The nation’s largest utility was expected to make a decision earlier Wednesday on whether to implement the preemptive electricity cuts in an effort to prevent fires from being started by damaged power lines fouled or knocked down in high winds.

“We really view it as a last resort option,” said Mark Quinlan, the company’s incident commander.

The utility also has deployed generators and other measures to keep electricity flowing in some areas that might otherwise have lost power during the outages, Quinlan said.

About 33,000 homes and businesses could begin losing power at 6 p.m., mainly in the Sierra Nevada foothills and northern San Francisco Bay Area, followed by 21,000 other customers two hours later in other portions of the Sierras and the Bay Area, along with portions of the Central Coast, PG&E said.

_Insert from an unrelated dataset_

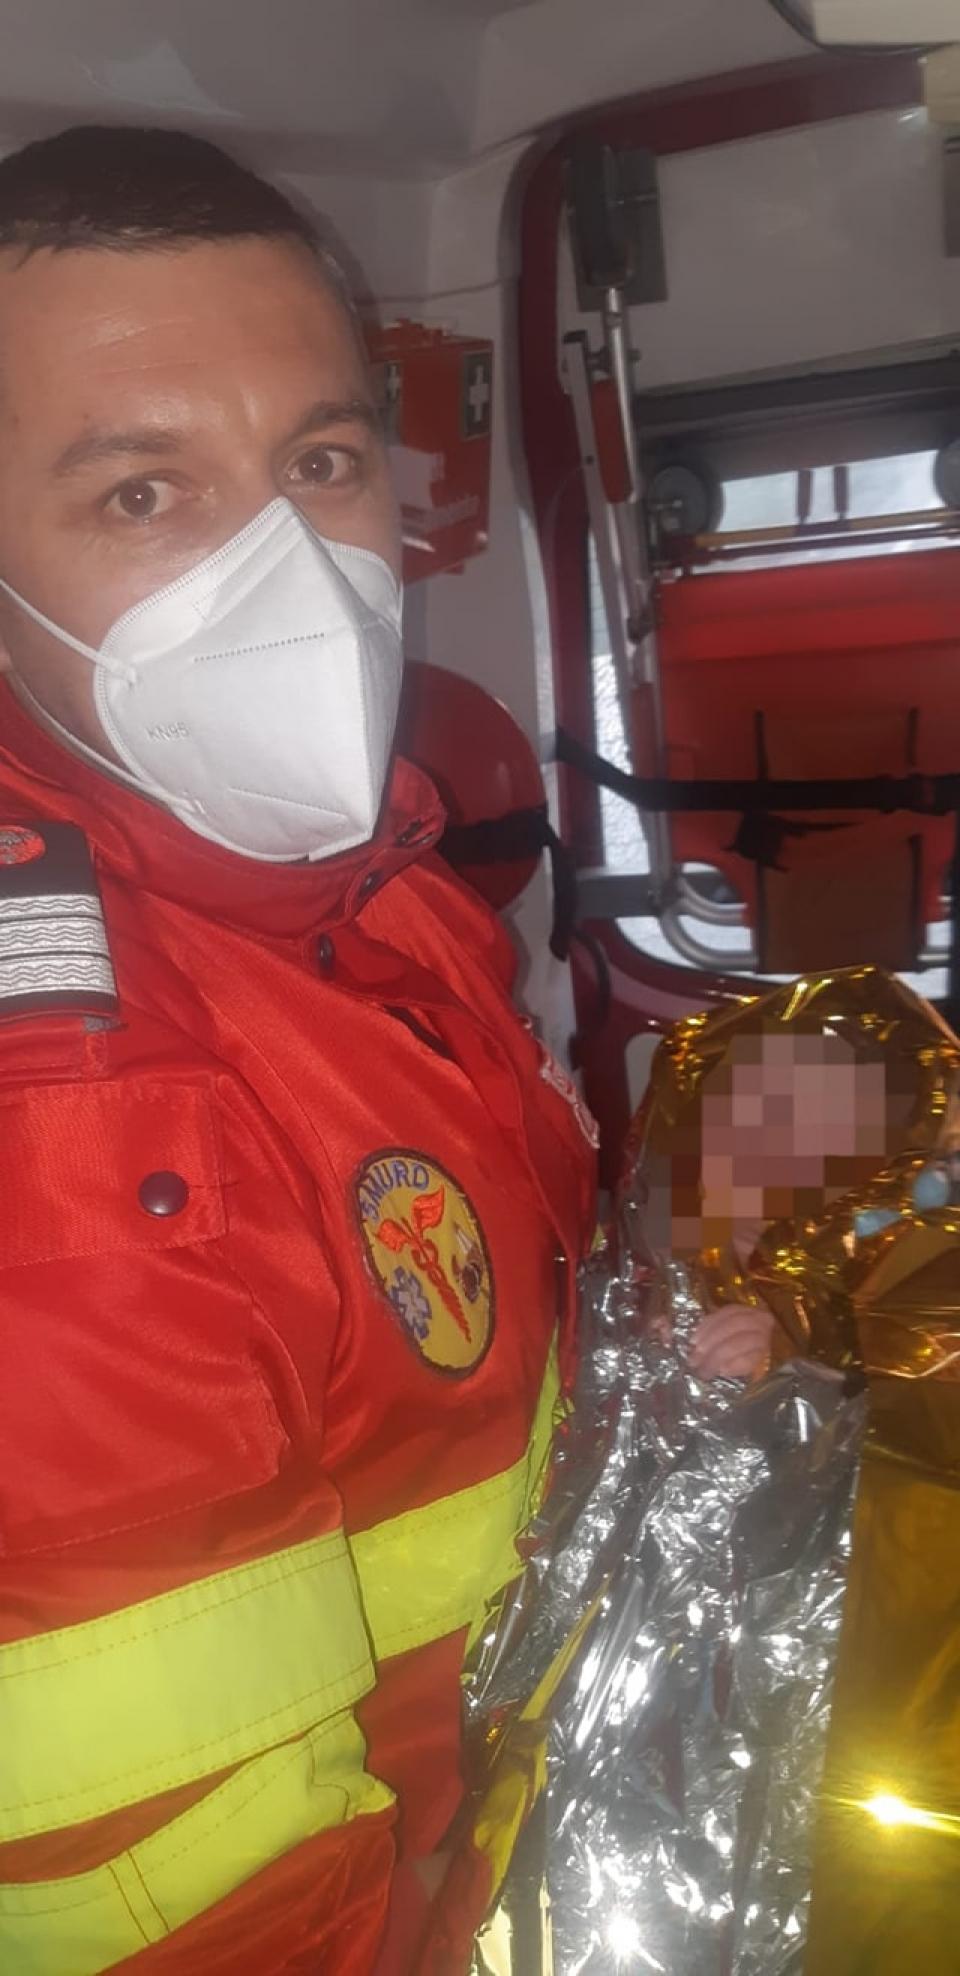 Trei paramedici au adus pe lume o fetiță   FOTO: Facebook ISU Arad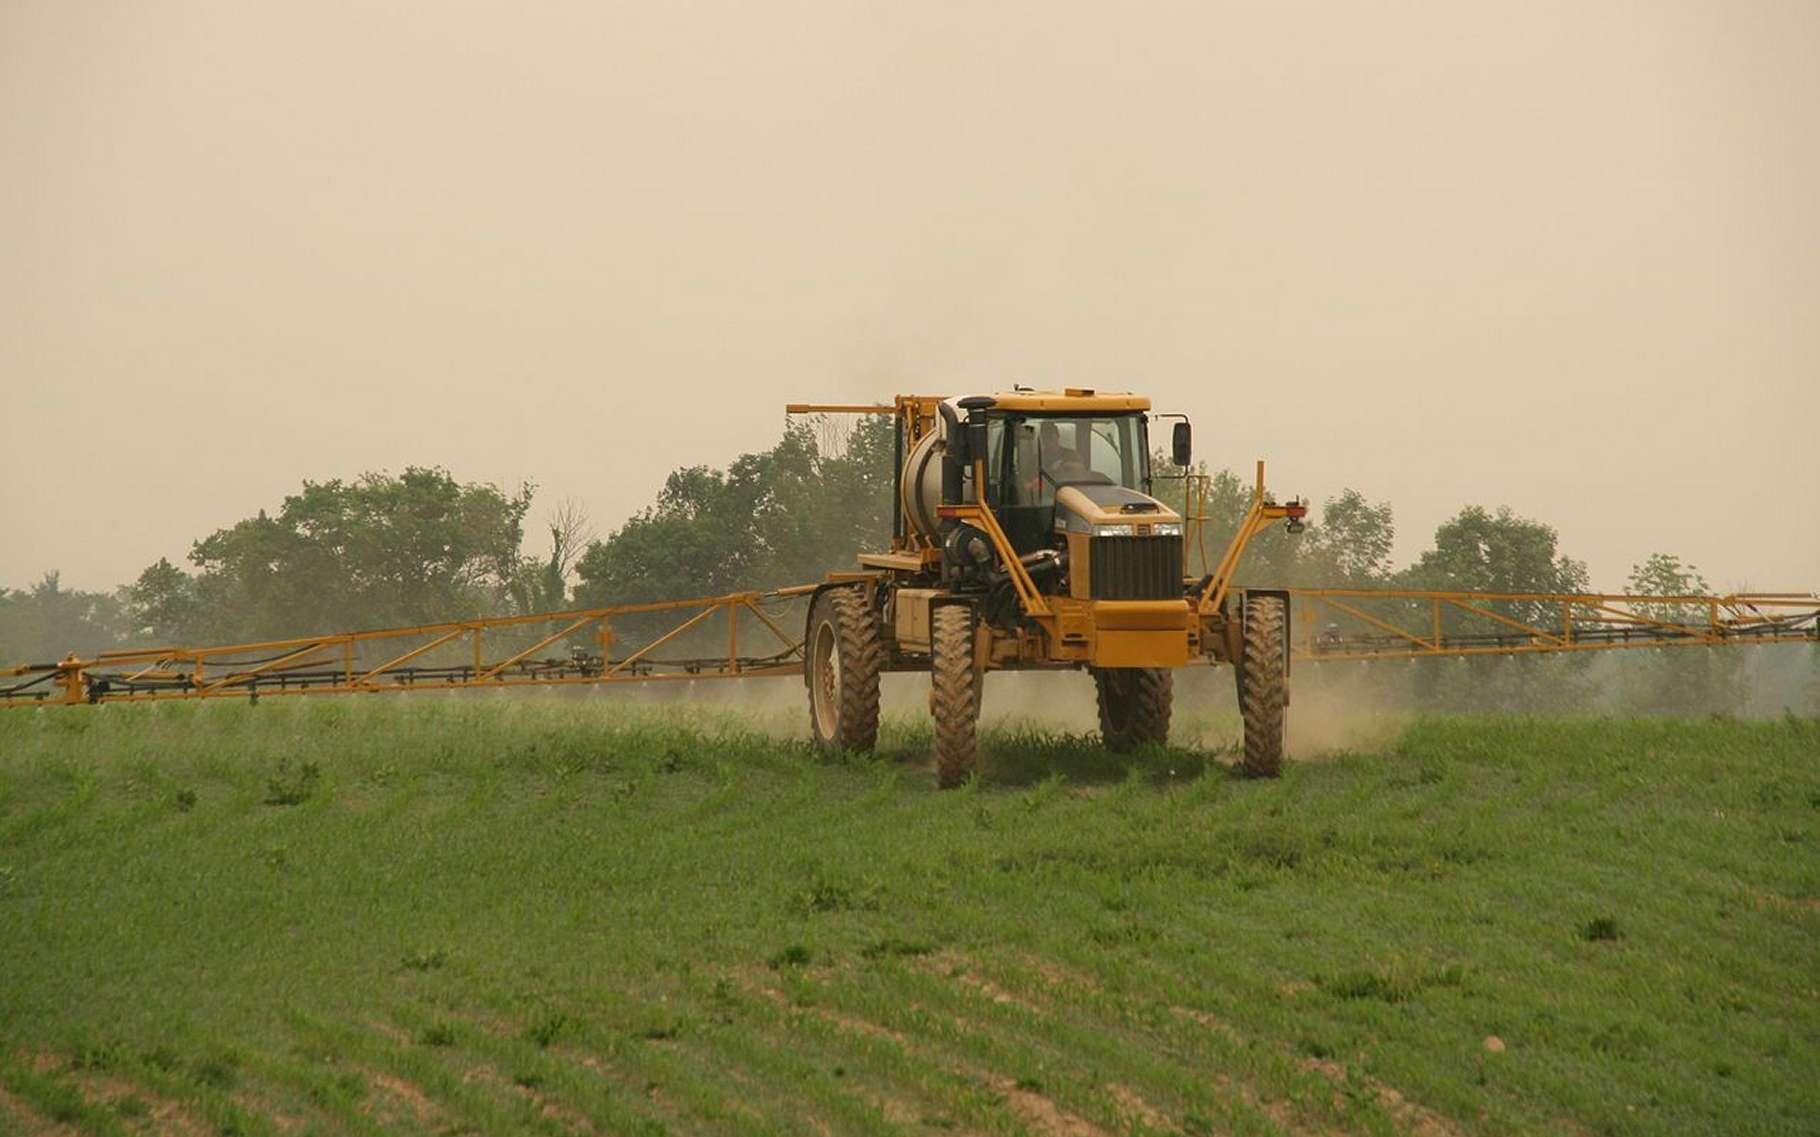 Les pesticides sont essentiels à l'agriculture actuelle mais ont des effets sanitaires indiscutables sur les agriculteurs et sur les populations voisines des cultures. Ils ont aussi un impact environnemental. La réduction de leur utilisation est au programme depuis le Grenelle de l'environnement mais toujours en chantier. © Pl77, Wikimedia Commons, CC by 3.0

The figures for affected customers range from more than 11,300 in Butte County, 6,000 in Santa Cruz County and around 5,400 customers in Alameda County to just 10 in Yolo County, according to the utility.

About 200 people in Humboldt County in the far north could lose power Thursday afternoon as winds hit there, PG&E said.

All power should be restored by late Friday night, the utility said.

The outages would include regions already hit by massive wildfires. The Glass Fire that ravaged the wine country of Napa and Sonoma counties was nearly surrounded after destroying more than 1,500 homes and other buildings.